**WORK TO BE COMPLETED:** If a line in the entries contains the word "Size", list it.

---------- AVAILABLE DATA

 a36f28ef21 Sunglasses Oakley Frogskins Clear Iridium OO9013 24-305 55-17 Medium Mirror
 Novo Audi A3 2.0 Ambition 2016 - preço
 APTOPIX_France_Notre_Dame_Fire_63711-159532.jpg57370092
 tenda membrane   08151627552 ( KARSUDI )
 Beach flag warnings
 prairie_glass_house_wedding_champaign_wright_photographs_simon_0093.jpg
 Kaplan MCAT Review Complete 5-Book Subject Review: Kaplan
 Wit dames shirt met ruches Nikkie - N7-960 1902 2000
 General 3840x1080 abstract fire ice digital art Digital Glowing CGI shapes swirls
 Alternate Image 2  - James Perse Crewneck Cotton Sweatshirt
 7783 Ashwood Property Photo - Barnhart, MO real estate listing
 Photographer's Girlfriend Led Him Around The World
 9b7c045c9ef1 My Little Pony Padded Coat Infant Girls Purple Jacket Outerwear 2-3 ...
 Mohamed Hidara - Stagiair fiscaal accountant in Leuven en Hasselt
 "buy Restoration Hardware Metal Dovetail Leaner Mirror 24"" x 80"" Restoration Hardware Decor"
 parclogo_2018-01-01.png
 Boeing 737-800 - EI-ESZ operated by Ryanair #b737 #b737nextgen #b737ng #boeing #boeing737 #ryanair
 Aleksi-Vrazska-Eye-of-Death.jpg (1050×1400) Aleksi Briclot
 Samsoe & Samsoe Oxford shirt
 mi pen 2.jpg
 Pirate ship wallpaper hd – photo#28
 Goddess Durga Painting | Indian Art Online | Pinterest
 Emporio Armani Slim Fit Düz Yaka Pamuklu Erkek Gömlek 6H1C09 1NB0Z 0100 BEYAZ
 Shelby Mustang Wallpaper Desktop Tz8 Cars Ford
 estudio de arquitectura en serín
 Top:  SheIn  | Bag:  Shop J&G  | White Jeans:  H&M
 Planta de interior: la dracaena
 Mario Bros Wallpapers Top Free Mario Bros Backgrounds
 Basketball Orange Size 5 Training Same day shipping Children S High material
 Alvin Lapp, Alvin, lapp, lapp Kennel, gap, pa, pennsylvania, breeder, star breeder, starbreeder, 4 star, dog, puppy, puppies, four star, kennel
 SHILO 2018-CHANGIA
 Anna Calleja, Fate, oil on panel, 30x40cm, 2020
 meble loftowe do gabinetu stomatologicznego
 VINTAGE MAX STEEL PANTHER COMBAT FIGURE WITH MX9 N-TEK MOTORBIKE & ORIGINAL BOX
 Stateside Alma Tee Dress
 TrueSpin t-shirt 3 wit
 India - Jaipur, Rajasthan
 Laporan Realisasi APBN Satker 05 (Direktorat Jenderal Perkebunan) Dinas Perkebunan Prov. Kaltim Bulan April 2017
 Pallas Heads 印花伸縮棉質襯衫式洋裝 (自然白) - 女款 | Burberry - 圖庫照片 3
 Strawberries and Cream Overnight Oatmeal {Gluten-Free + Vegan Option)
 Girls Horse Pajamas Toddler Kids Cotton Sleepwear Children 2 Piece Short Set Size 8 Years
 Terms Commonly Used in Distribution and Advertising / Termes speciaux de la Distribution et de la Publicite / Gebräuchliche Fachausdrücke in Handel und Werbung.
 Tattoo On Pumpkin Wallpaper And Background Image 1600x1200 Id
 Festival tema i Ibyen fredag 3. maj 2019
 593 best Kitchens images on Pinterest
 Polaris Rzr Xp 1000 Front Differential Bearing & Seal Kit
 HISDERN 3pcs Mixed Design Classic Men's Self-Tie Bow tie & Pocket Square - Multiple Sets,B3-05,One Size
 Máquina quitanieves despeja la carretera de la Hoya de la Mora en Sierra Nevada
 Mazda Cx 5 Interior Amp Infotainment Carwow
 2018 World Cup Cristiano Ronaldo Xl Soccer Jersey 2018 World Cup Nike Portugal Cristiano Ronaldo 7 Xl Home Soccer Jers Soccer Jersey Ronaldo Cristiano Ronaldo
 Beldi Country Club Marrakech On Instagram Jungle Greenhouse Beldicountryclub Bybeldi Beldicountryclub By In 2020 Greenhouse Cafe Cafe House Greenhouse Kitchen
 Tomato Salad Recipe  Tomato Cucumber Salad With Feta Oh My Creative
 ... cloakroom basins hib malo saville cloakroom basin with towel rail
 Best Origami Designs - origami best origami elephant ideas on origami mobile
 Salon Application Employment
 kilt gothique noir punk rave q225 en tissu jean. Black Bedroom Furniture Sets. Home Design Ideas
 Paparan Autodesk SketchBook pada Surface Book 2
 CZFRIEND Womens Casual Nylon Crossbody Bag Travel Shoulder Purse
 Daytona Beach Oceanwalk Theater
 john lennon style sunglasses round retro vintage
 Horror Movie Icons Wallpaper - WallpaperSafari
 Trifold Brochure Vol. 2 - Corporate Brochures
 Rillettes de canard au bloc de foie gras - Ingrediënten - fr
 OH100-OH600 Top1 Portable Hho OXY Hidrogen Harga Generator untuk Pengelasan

--------------------

**WRITTEN ANSWER:**
 Basketball Orange Size 5 Training Same day shipping Children S High material
 Girls Horse Pajamas Toddler Kids Cotton Sleepwear Children 2 Piece Short Set Size 8 Years
 HISDERN 3pcs Mixed Design Classic Men's Self-Tie Bow tie & Pocket Square - Multiple Sets,B3-05,One Size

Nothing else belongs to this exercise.